[WHAT YOU HAVE TO DO] Restate word for word the entries below, starting with the line with "magazine critique example" and continuing through the line with "В Херсоне депутаты". Include both of those lines and no others.

[MATERIAL FOR THIS EXERCISE]
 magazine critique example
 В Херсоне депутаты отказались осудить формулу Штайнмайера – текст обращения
---
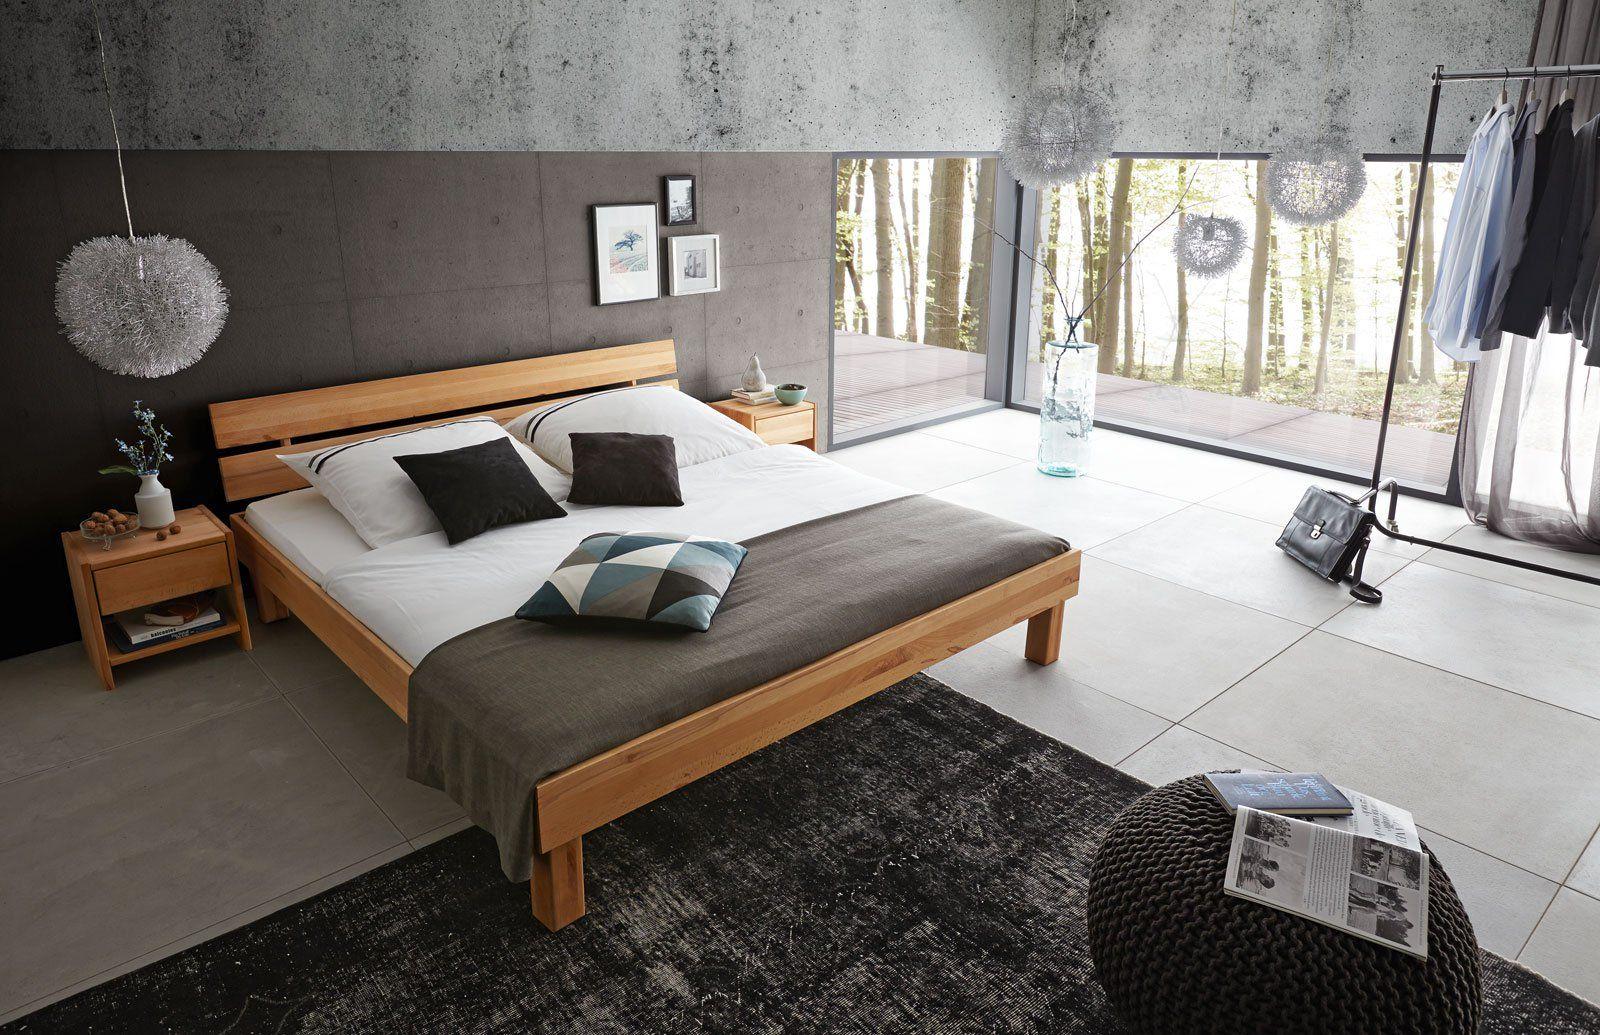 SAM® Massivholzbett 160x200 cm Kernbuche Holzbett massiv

[WRITTEN RESPONSE]
 magazine critique example
 В Херсоне депутаты отказались осудить формулу Штайнмайера – текст обращения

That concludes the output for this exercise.